Figure 8. zic-1 function couples injury signaling and polarized Wnt signaling cues for activation of stem cells to produce the anterior pole in early head regeneration.

Figure 8

Anterior pole formation is neoblast-dependent, specific to anterior-facing amputations and midline cues, and dependent on foxD and zic-1. Prior to 24 hours, injury-induced expression of notum and wnt1 (not depicted) in collagen+ body wall muscle cells engages a decision process that determines anterior versus posterior identity at an amputation site.

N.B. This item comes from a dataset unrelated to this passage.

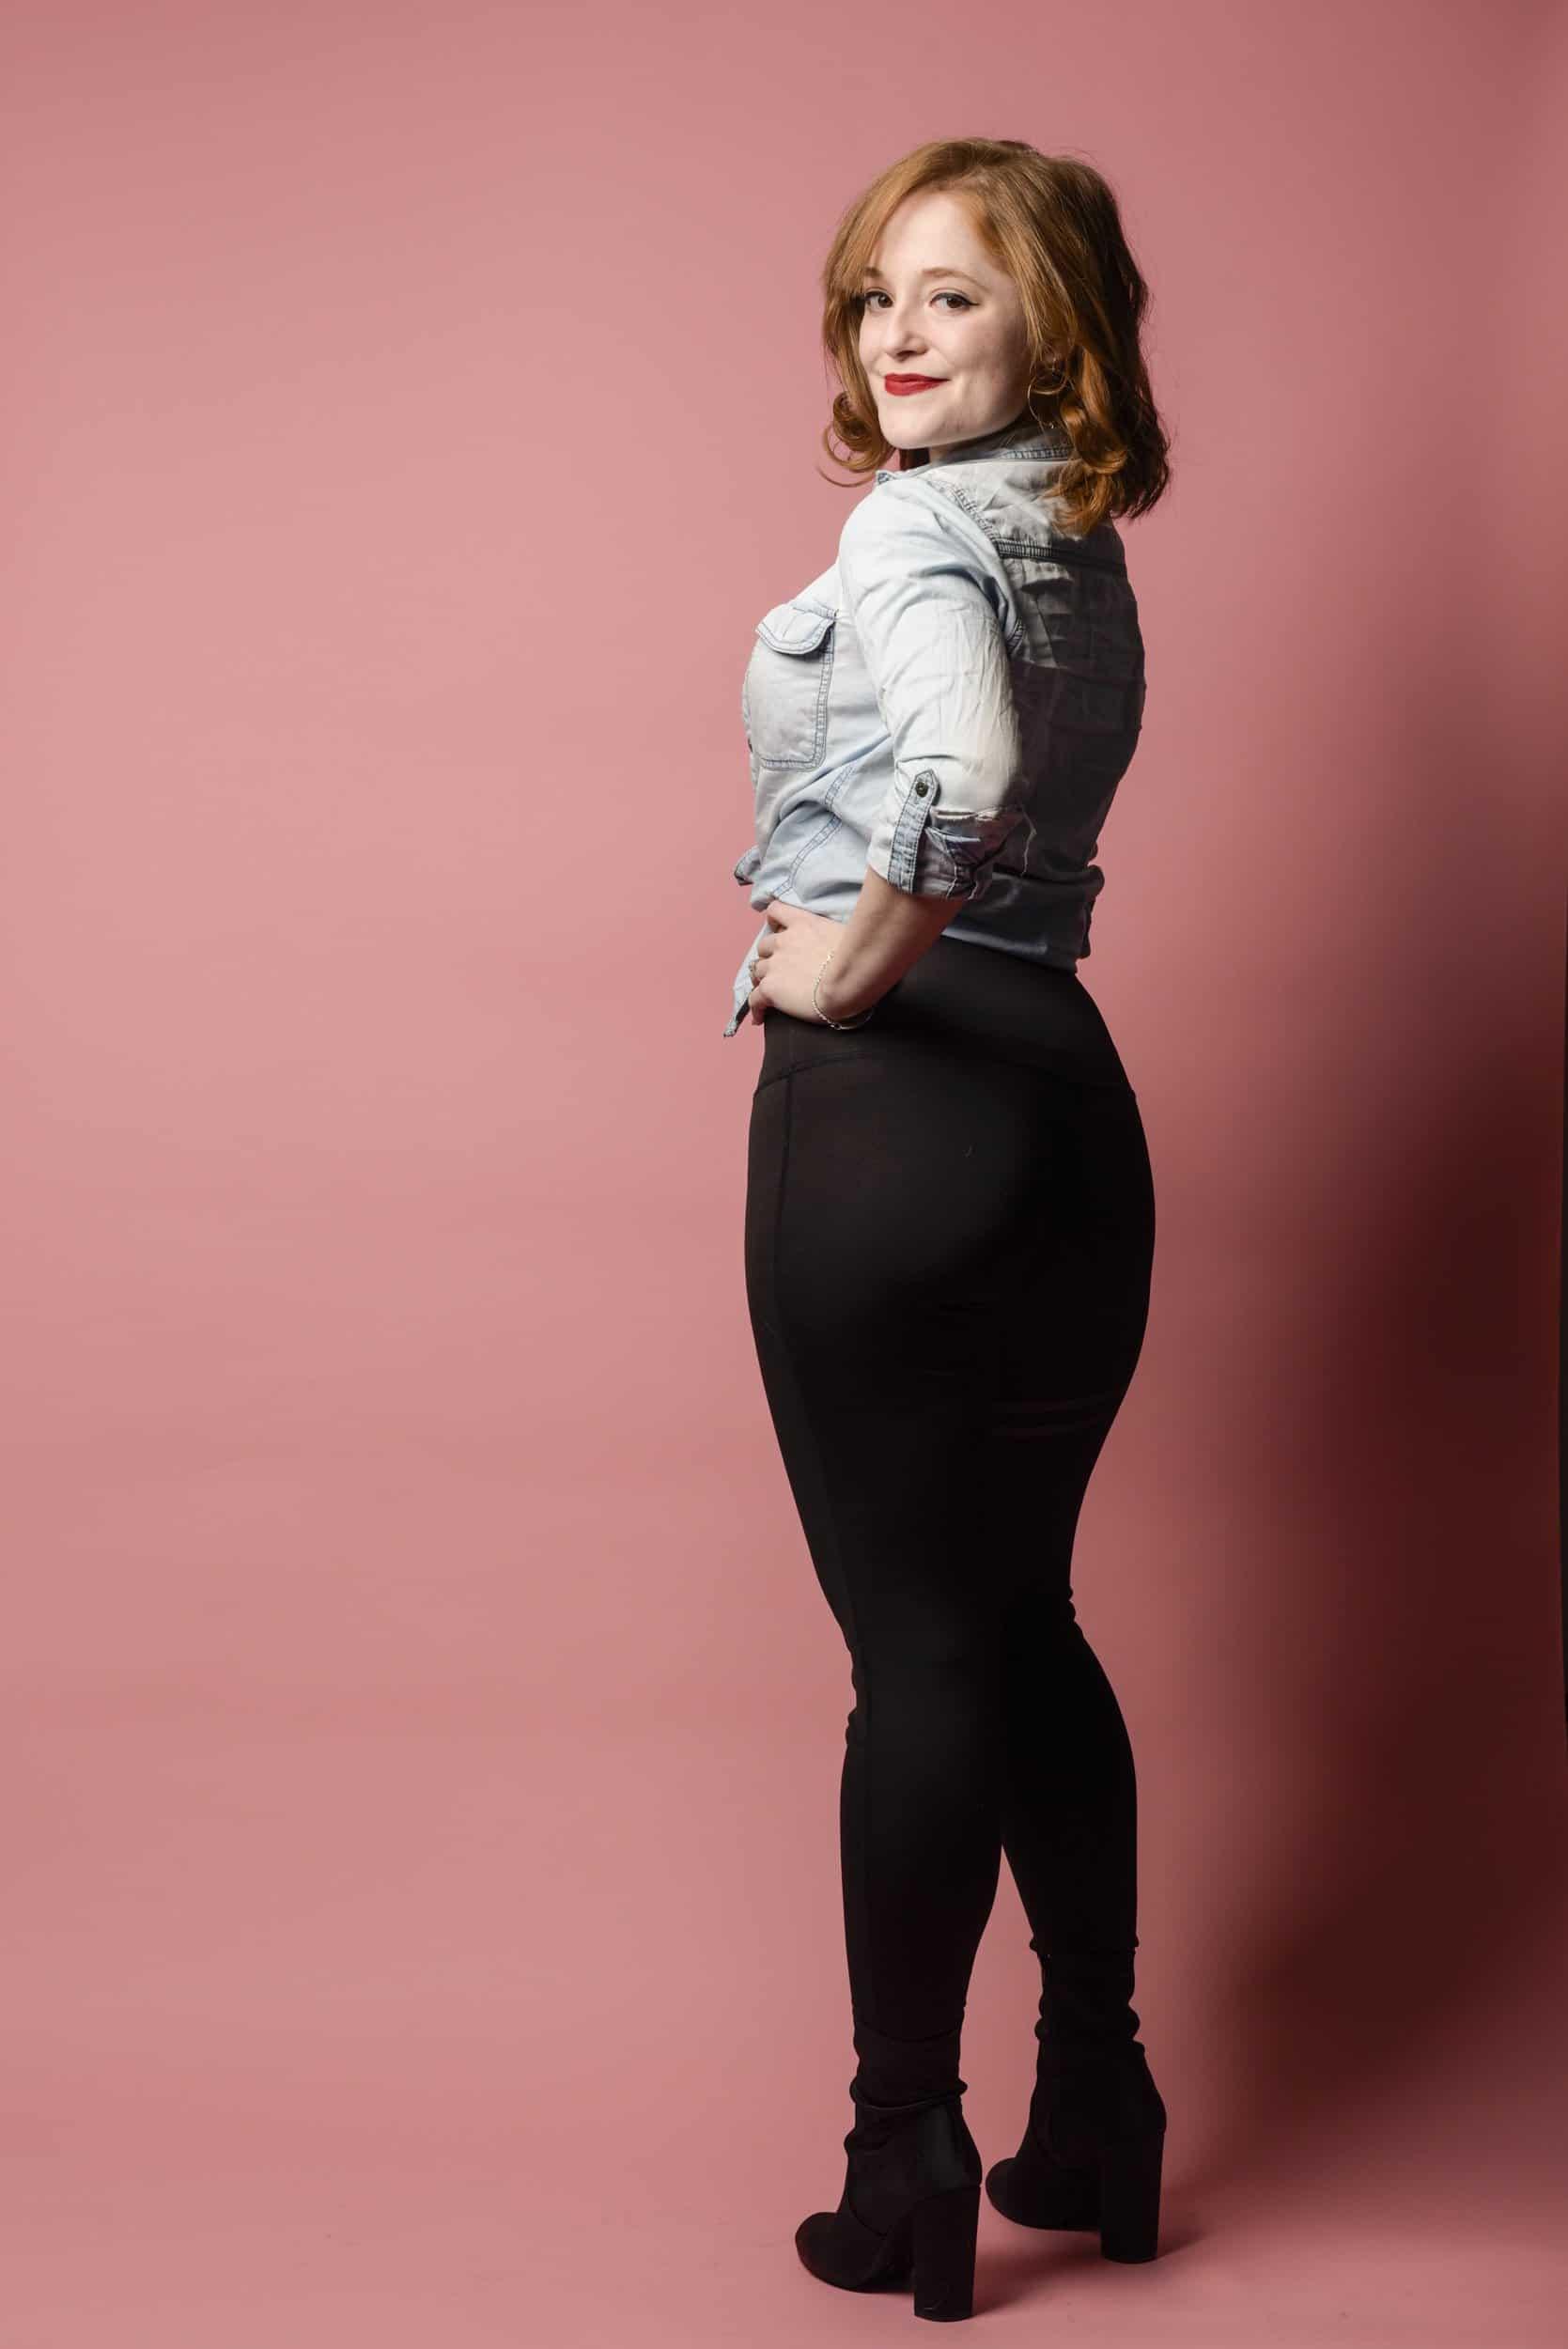 Marissa Caldwell
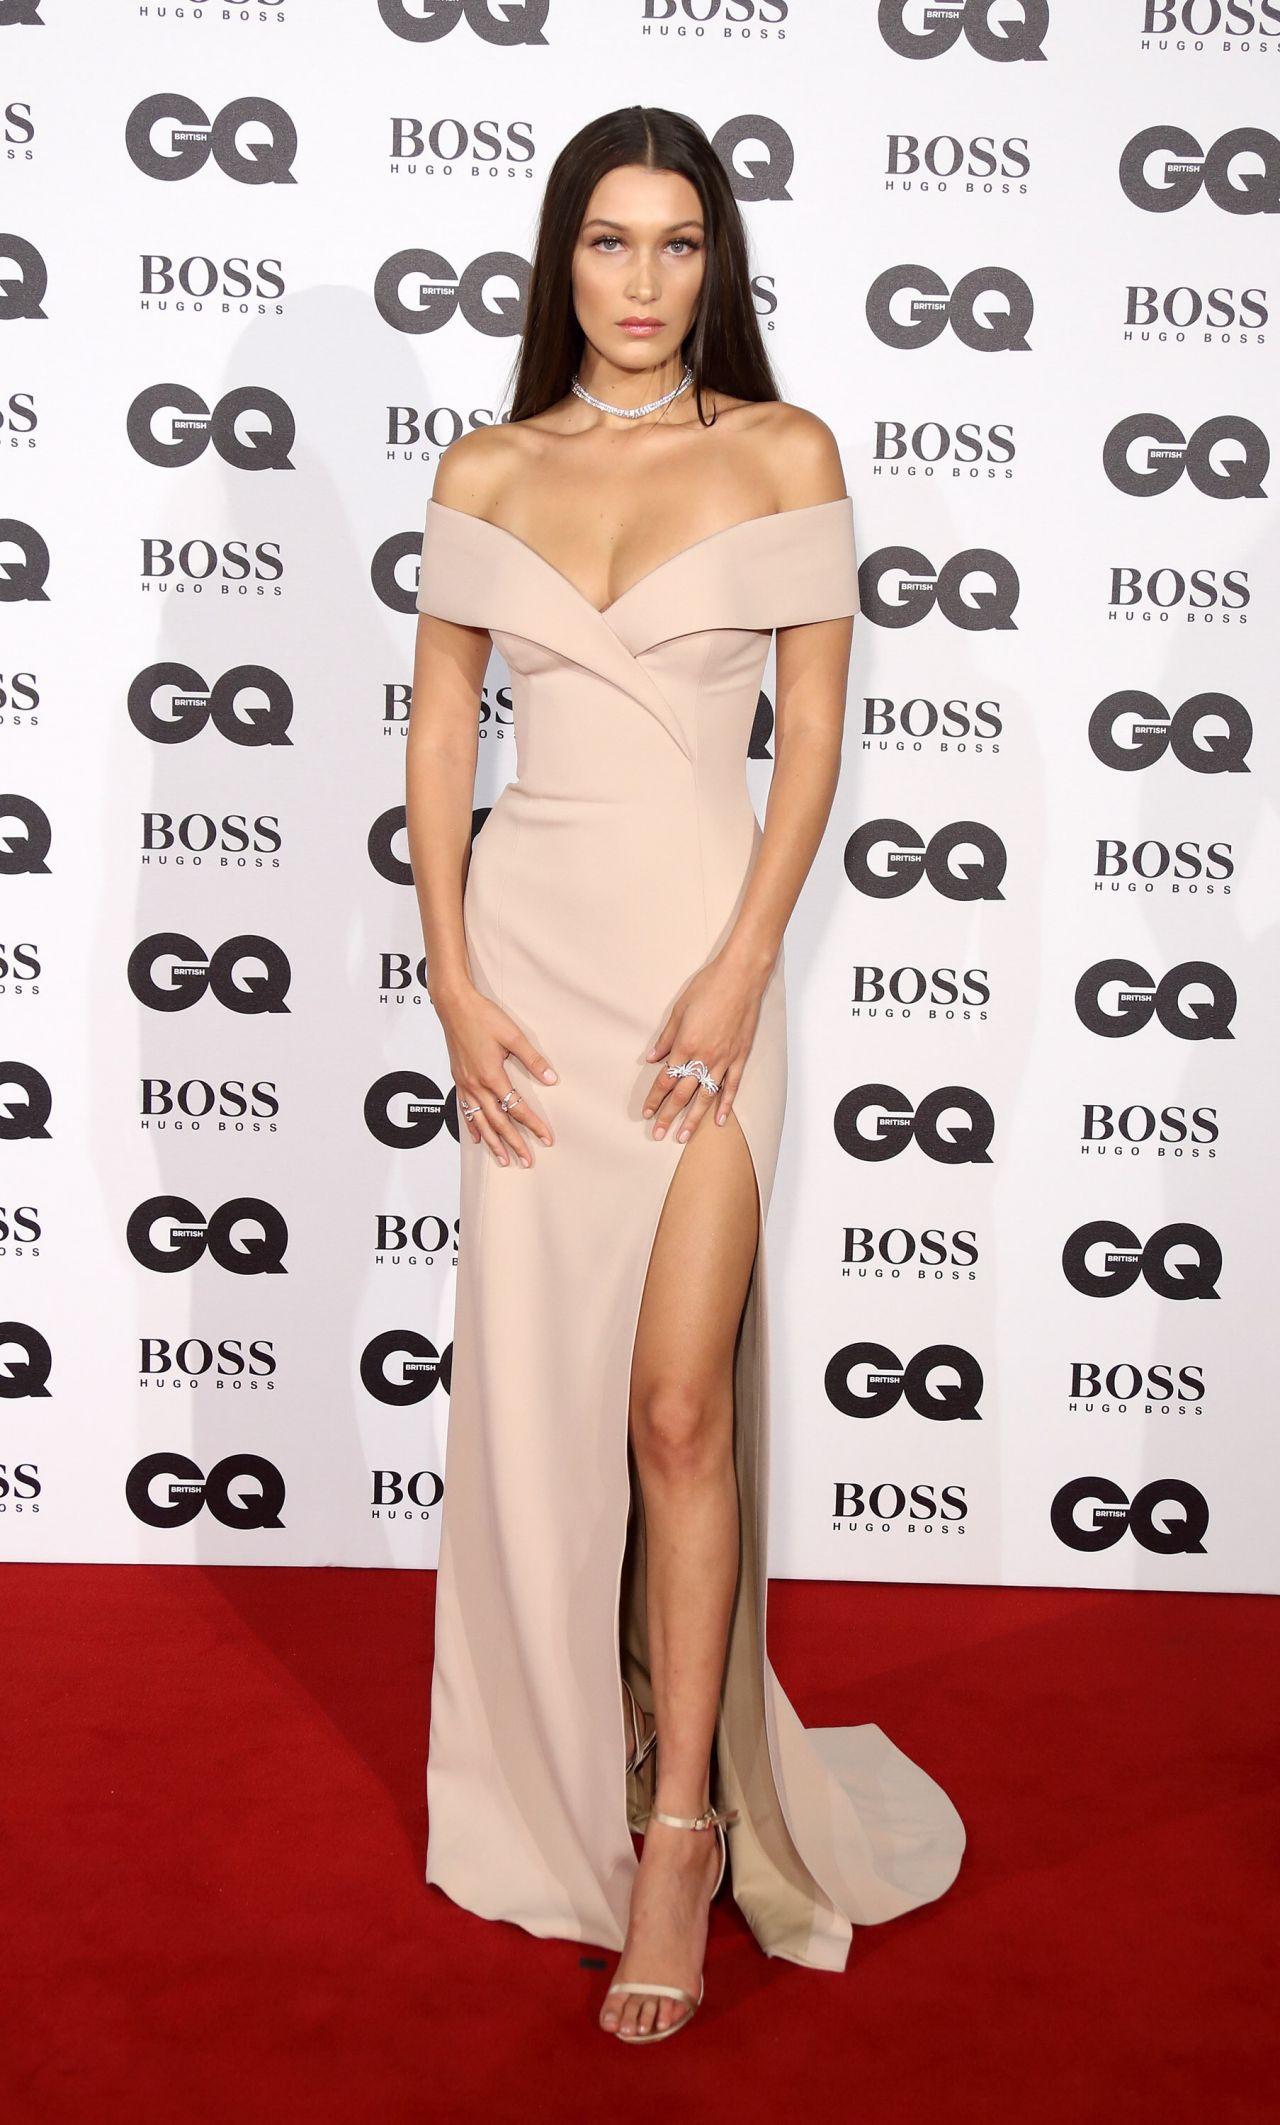 BELLA HADID at GQ Men of the Year Awards 2016 in London 09

At anterior-facing amputation sites, this results in a low canonical Wnt signaling environment which promotes anterior identity and, directly or indirectly, expression of zic-1 in a population of smedwi-1+ neoblasts, some of which are foxD+. By 48 hours, zic-1 promotes specification of notum+smedwi-1+ progenitors that form an anterior pole signaling center that expresses zic-1, foxD, follistatin and notum. Signaling from the anterior pole, likely including notum activity, suppresses Wnt signaling to promote head outgrowth and patterning. Experimental inhibition of beta-catenin-1 can fulfill the signal inhibitory function of notum necessary for head formation in the absence of zic-1 or the anterior pole. zic-1 expression preferential to anterior-facing amputation sites ensures anterior-specific utilization of foxD+smedwi-1+ progenitors that are formed at both anterior and posterior injury sites.